К удивлению, эта опера дожидалась премьеры почти семь лет. Законченная в декабре 1874 года, она была поставлена только 2 октября 1881 года, после того как уже прошли премьеры двух следующих опер Дворжака — «Ванды» и «Хитрого крестьянина». Зато вскоре же после премьеры она была куплена берлинской издательской фирмой Зимрока, и в следующем году на прилавках нотных магазинов появились с чешским и немецким текстом (в переводе Эмануэля Цюнгеля) ее партитура, голоса и клавир. Так полно из девяти опер Дворжака кроме «Упрямцев» был издан до самого последнего времени только «Хитрый крестьянин».

Создание веселой, коротенькой (всего 148 страниц партитуры), оперы «Упрямцы» кое-кто из окружения Дворжака склонен был объяснять желанием нуждавшегося композитора иметь «кассовый» спектакль. Работа же над камерными сочинениями ни в какие рамки меркантильности не укладывалась. Самостоятельных квартетов в Праге тогда еще не существовало. Собирались музыканты — любители камерной музыки во главе с профессором Пражской консерватории скрипачом Антонином Бенневицем — и играли. Чаще всего это бывало в доме у богатого промышленника Йозефа Портгайма. Приезжавшие в Прагу знаменитости, такие как Фердинанд Лауб и Йозеф Иоахим, тоже выступали там. Все это носило нерегулярный, случайный характер. Автору камерных сочинений почти невозможно было широко прославиться, а тем более — заработать деньги. И, несмотря на это, Дворжак много и упорно работал в камерном жанре. Это была настоящая любовь, осознанная очень рано (раньше, чем пришло влечение к театру) и не покидавшая Дворжака всю жизнь.
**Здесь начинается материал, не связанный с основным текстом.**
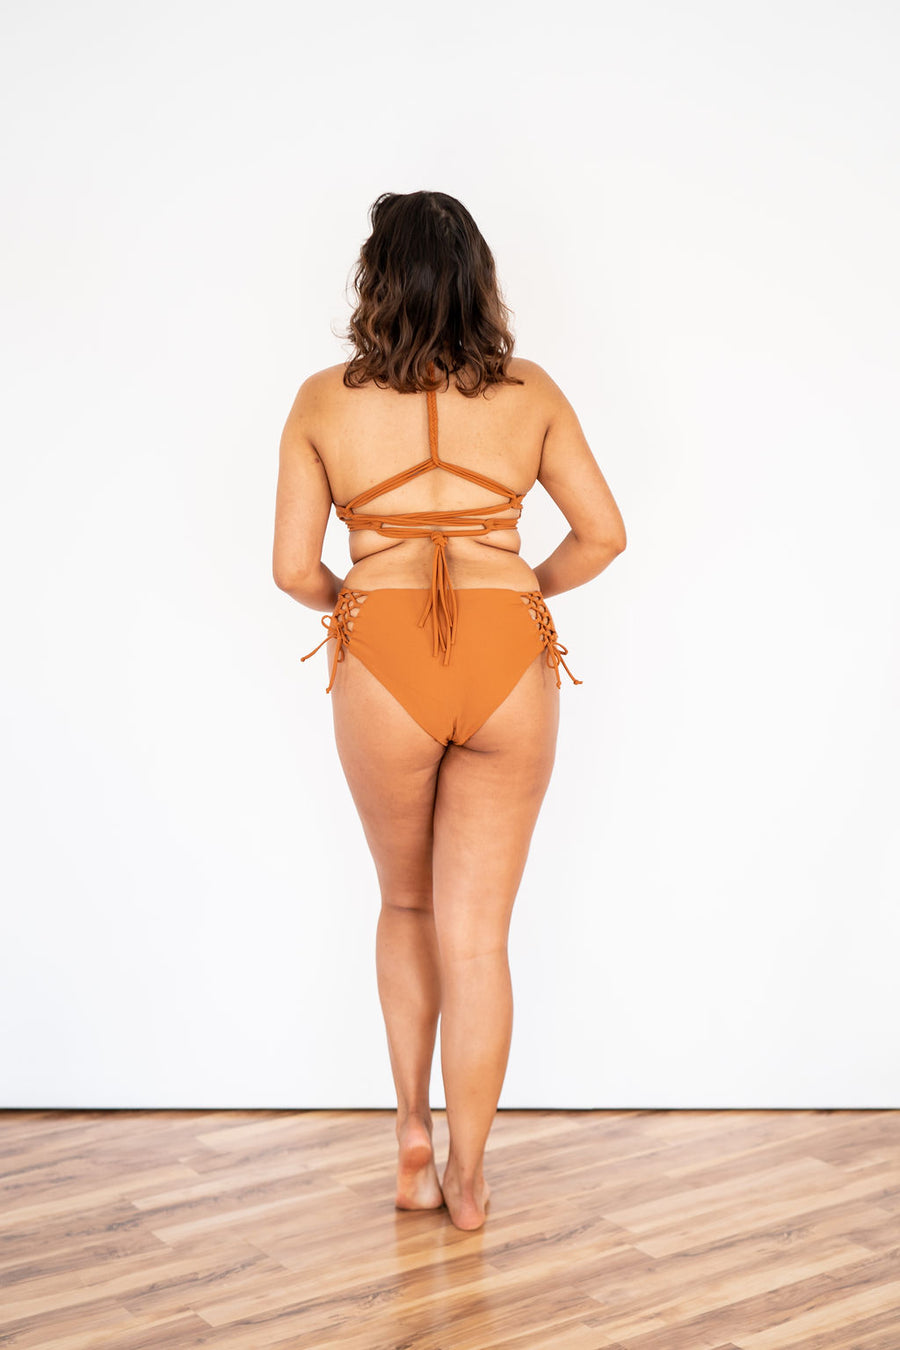 This Dallas Native Made a Bikini Designed for Smaller Busts - D

В начале 70-х годов были созданы фортепианный квинтет ля мажор, квартет фа минор и два квартета ля минор. Первый квартет, ля минор, не удался. Дворжак его потом переделывал, но так и не закончил. А второй квартет, ля минор (седьмой по счету), вошел в историю чешской камерной музыки как первое отечественное произведение этого жанра, появившееся в печати. Он был издан пражским издателем Эмануэлем Старым в 1875 году, с посвящением Людевиту Прохазке в благодарность за добрые слова о композициях Дворжака, впервые появившиеся в прессе, и за организацию первого исполнения сочинений композитора. Кроме того, квартет этот был первым произведением Дворжака, которое подверглось тщательному разбору. Сделал это на страницах «Далибора» молодой Зденек Фибих.
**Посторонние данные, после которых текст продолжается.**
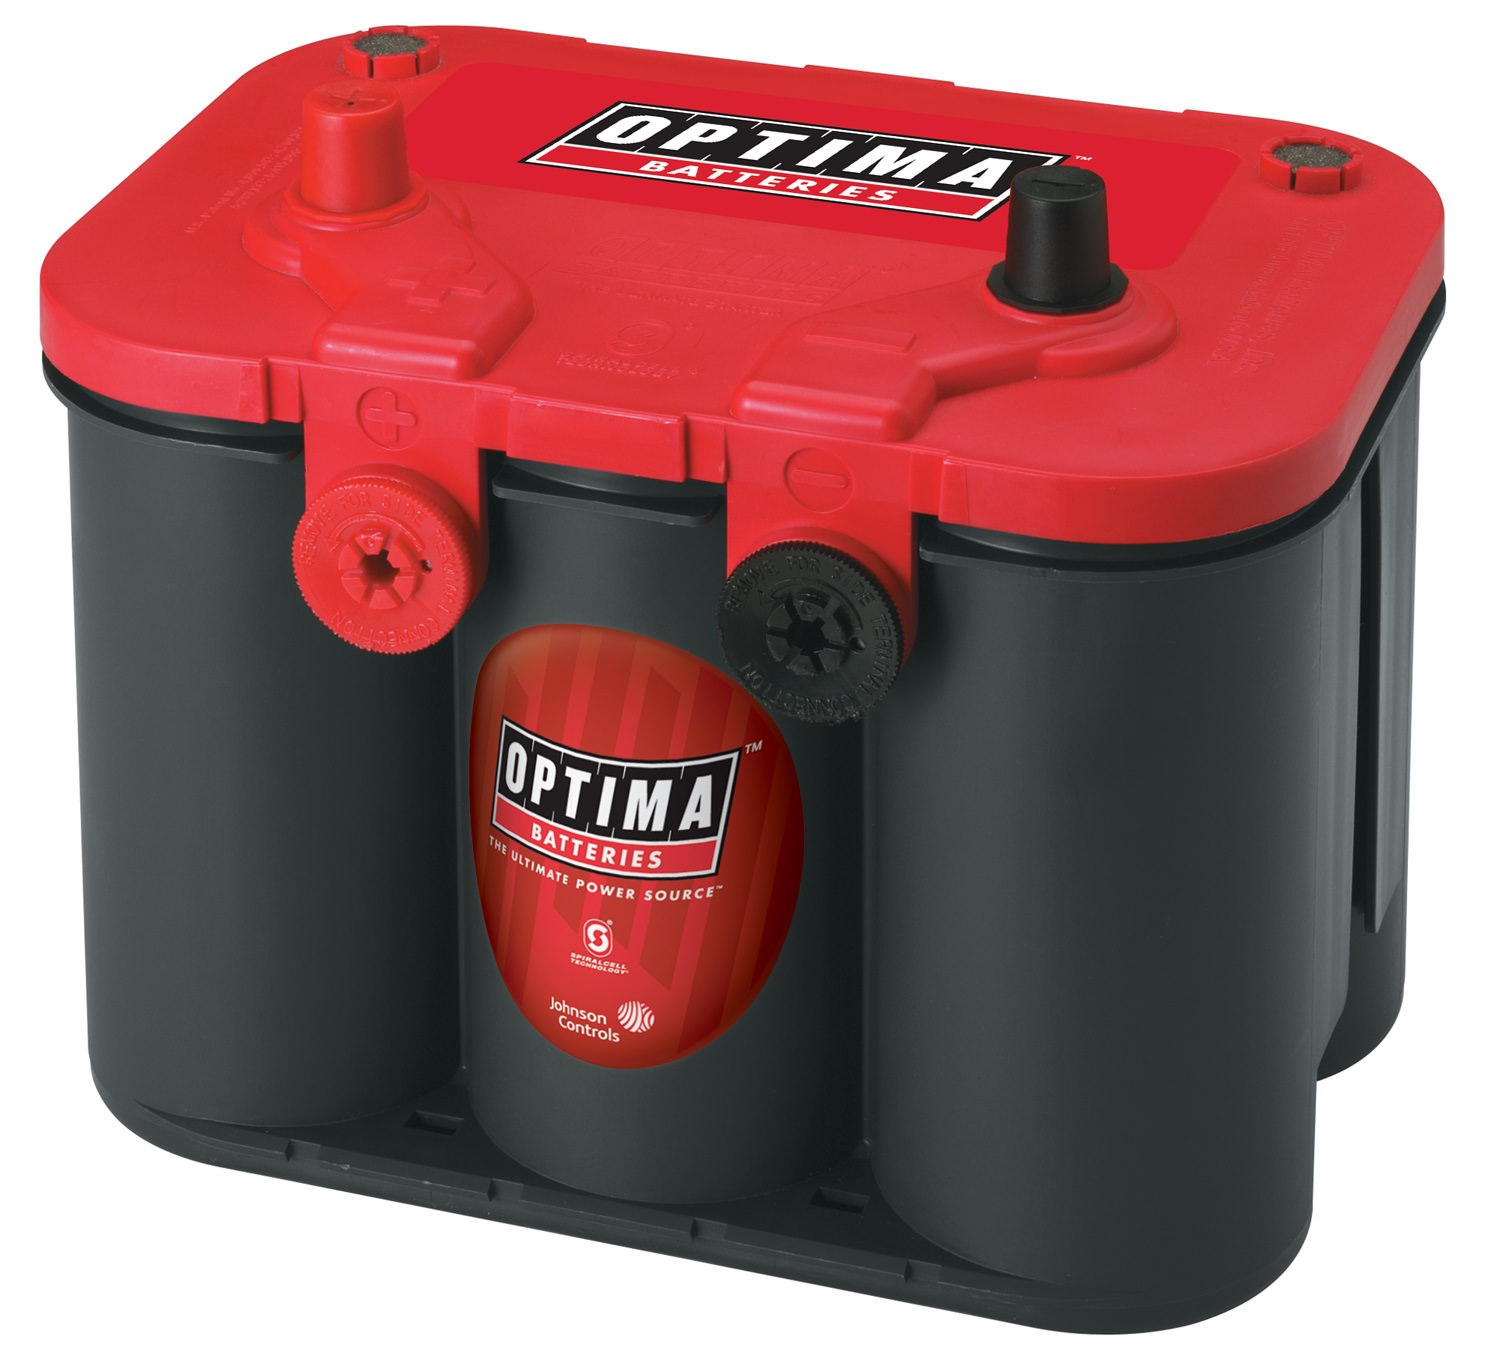 OPTIMA RedTop AGM Spiralcell Automotive Starting Battery, Group Size 34/78, 12 Volt 800 CCA - image 2 of 7

Закончив «Упрямцев», всю первую половину 1875 года Дворжак работал над камерными сочинениями. Сперва это был соль-мажорный струнный квинтет. Под девизом «Своему народу» Дворжак послал его на конкурс камерных произведений, проводимый «Умелецкой беседой», и получил первую премию — пять дукатов. Потом последовали фортепианное трио си-бемоль мажор и квартет ре мажор. К этому же времени относятся Серенада ми мажор для струнного оркестра, которая до наших дней остается одним из популярнейших сочинений Дворжака, и первая часть «Моравских дуэтов».
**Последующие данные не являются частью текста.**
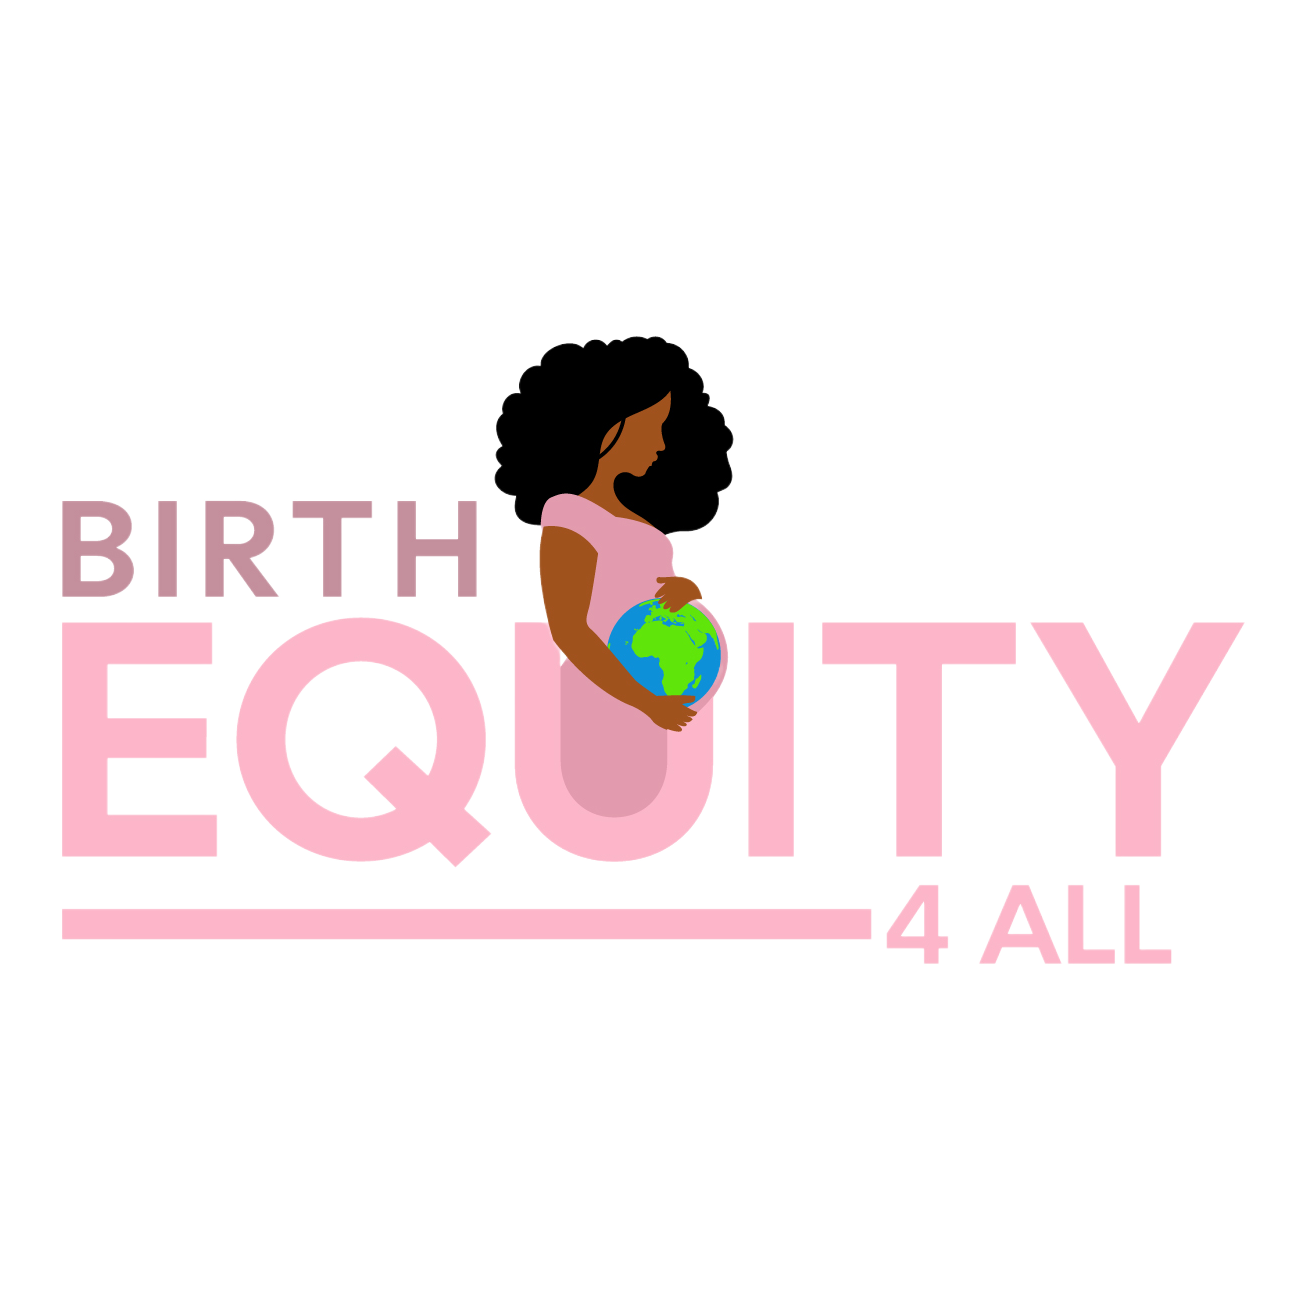 Birth Equity 4 All

К возникновению этих дуэтов, по свежести и красоте выделяющихся, пожалуй, из всего вокального наследия Дворжака, имели непосредственное отношение супруги Нефф. С 1873 года, поступив к ним работать домашним учителем музыки, Дворжак регулярно в определенные дни посещал их дом. Обычно он приходил по вечерам. Час занимался с детьми у фортепиано. Затем хлебосольные хозяева приглашали его к вечернему столу. Нередко здесь бывали еще кое-какие гости. В частности, у Неффов Дворжак познакомился с молодым Леошем Яначком, учившимся тогда в Органной школе. После ужина начиналось музицирование.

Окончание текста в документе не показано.